2. Technical Interpretation

The p-value is extremely small (well below 0.05), meaning the probability of observing this association between department and attrition by random chance alone is essentially zero. We reject the null hypothesis that department and employee attrition are independent.

3. Non-Technical Interpretation

Employees in certain departments — particularly HR and accounting — are significantly more likely to leave the company than those in technical or management roles.

4. Visualization

prop_dept <- hr %>%
  group_by(Department) %>%
  summarise(
    Stayed = sum(left == 0) / n(),
    Left   = sum(left == 1) / n()
  )

plot_ly(prop_dept) %>%
  add_bars(x = ~Department, y = ~Stayed, name = "Stayed",
           marker = list(color = "#2ecc71")) %>%
  add_bars(x = ~Department, y = ~Left, name = "Left",
           marker = list(color = "#e74c3c")) %>%
  layout(
    barmode = "stack",
    xaxis = list(title = "Department", tickangle = -30),
    yaxis = list(title = "Proportion", tickformat = ",.0%"),
    title = "Employees in HR and Accounting are more likely to leave the company"
  )

Chi-Square Test 2: Salary Level vs. Left

1. Perform the Chi-Square Test

chisq.test(hr$salary, hr$left)
## 
##  Pearson's Chi-squared test
## 
## data:  hr$salary and hr$left
## X-squared = 381.23, df = 2, p-value < 2.2e-16

2. Technical Interpretation

The p-value is extremely small (far below the 0.05 significance threshold), indicating strong statistical evidence that salary level and employee attrition are not independent. We reject the null hypothesis.
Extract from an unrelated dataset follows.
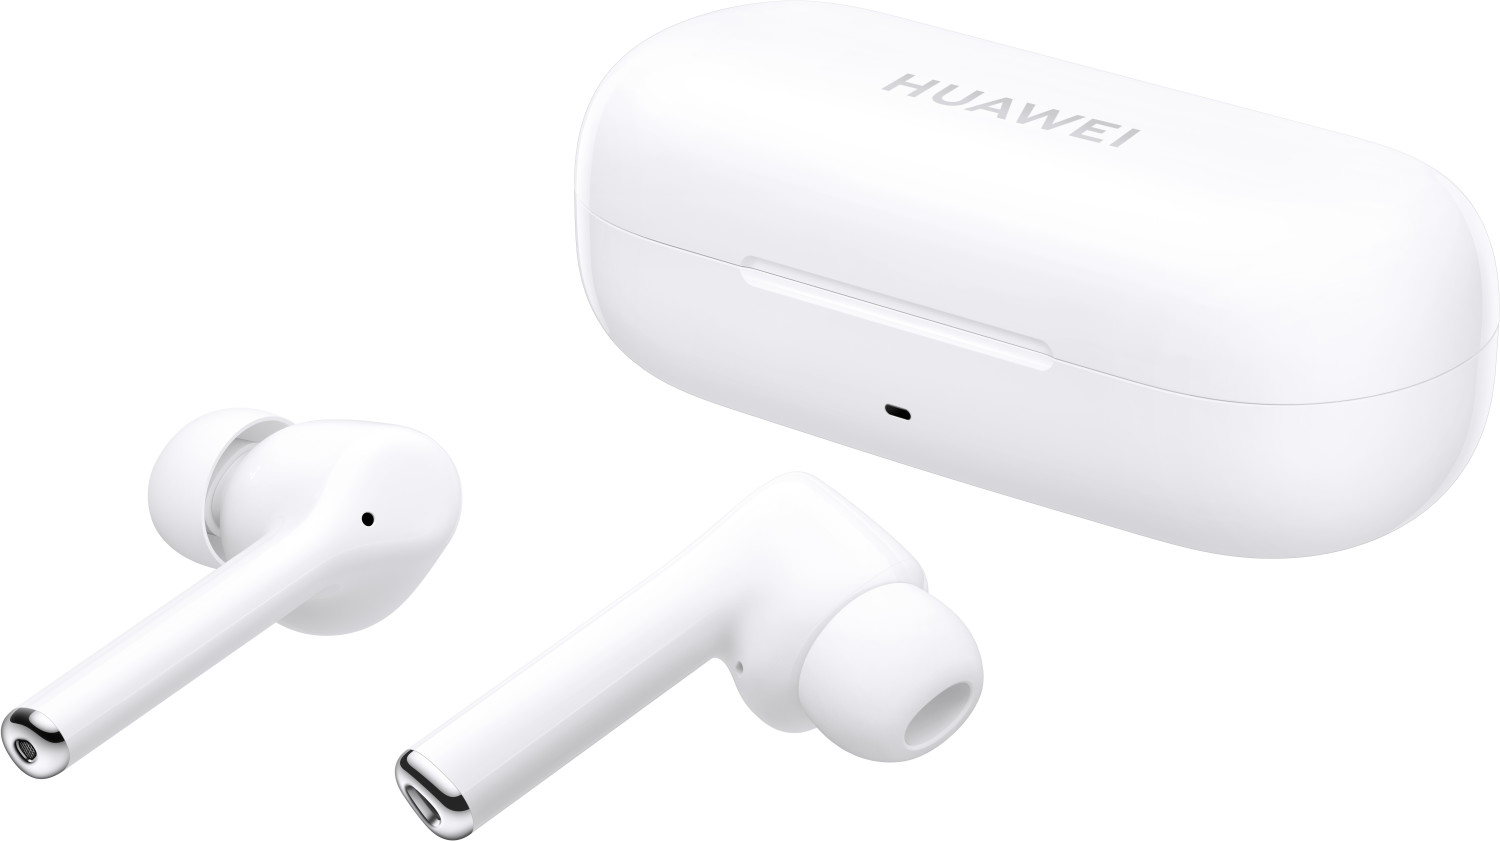 Huawei FreeBuds 3i White
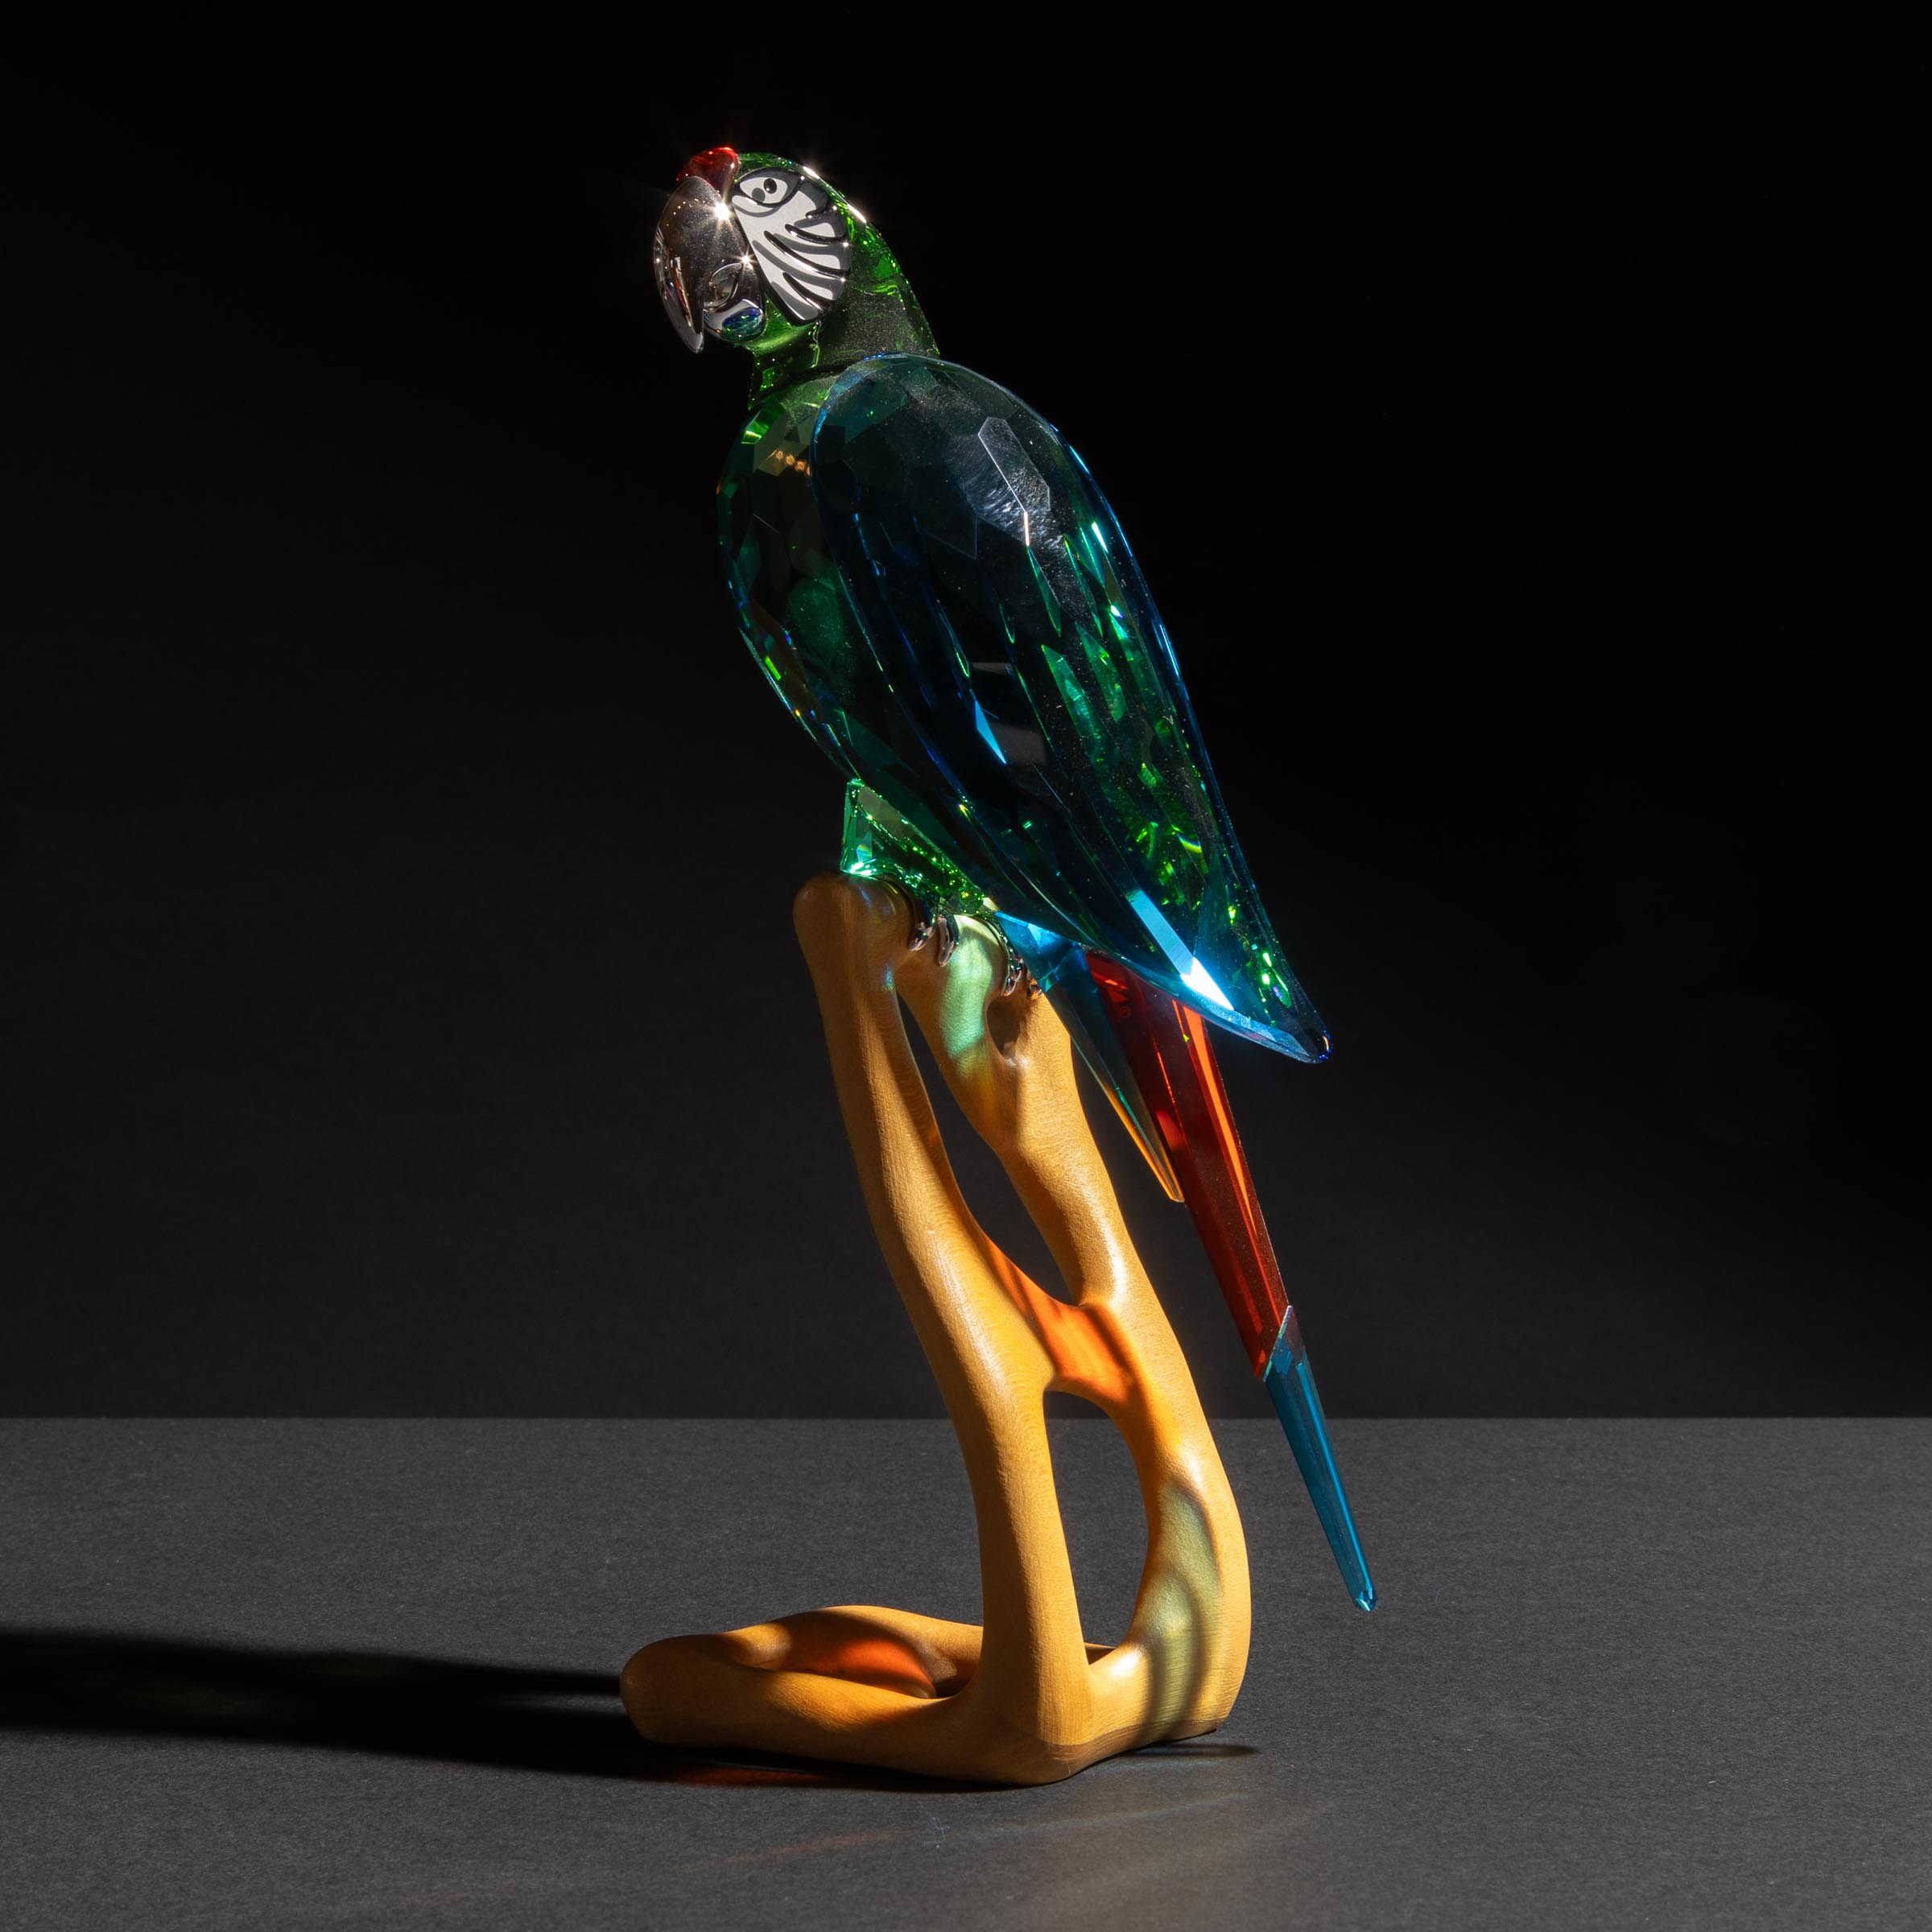 Swarovski Crystal Limited Edition Macaw

3. Non-Technical Interpretation

Employees with low salaries are much more likely to leave the company, while high-salary employees rarely leave.

4. Visualization

prop_salary <- hr %>%
  mutate(salary = factor(salary, levels = c("low", "medium", "high"))) %>%
  group_by(salary) %>%
  summarise(
    Stayed = sum(left == 0) / n(),
    Left   = sum(left == 1) / n()
  )

plot_ly(prop_salary) %>%
  add_bars(x = ~salary, y = ~Stayed, name = "Stayed",
           marker = list(color = "#2ecc71")) %>%
  add_bars(x = ~salary, y = ~Left, name = "Left",
           marker = list(color = "#e74c3c")) %>%
  layout(
    barmode = "stack",
    xaxis = list(title = "Salary Level"),
    yaxis = list(title = "Proportion", tickformat = ",.0%"),
    title = "Low-salary employees are much more likely to leave the company"
  )

Chi-Square Test 3: Work Accident vs. Left

1. Perform the Chi-Square Test

chisq.test(hr$Work_accident, hr$left)
## 
##  Pearson's Chi-squared test with Yates' continuity correction
## 
## data:  hr$Work_accident and hr$left
## X-squared = 357.56, df = 1, p-value < 2.2e-16

2. Technical Interpretation

The p-value is extremely small (well below 0.05), indicating a statistically significant relationship between whether an employee experienced a work accident and whether they left the company. We reject the null hypothesis of independence.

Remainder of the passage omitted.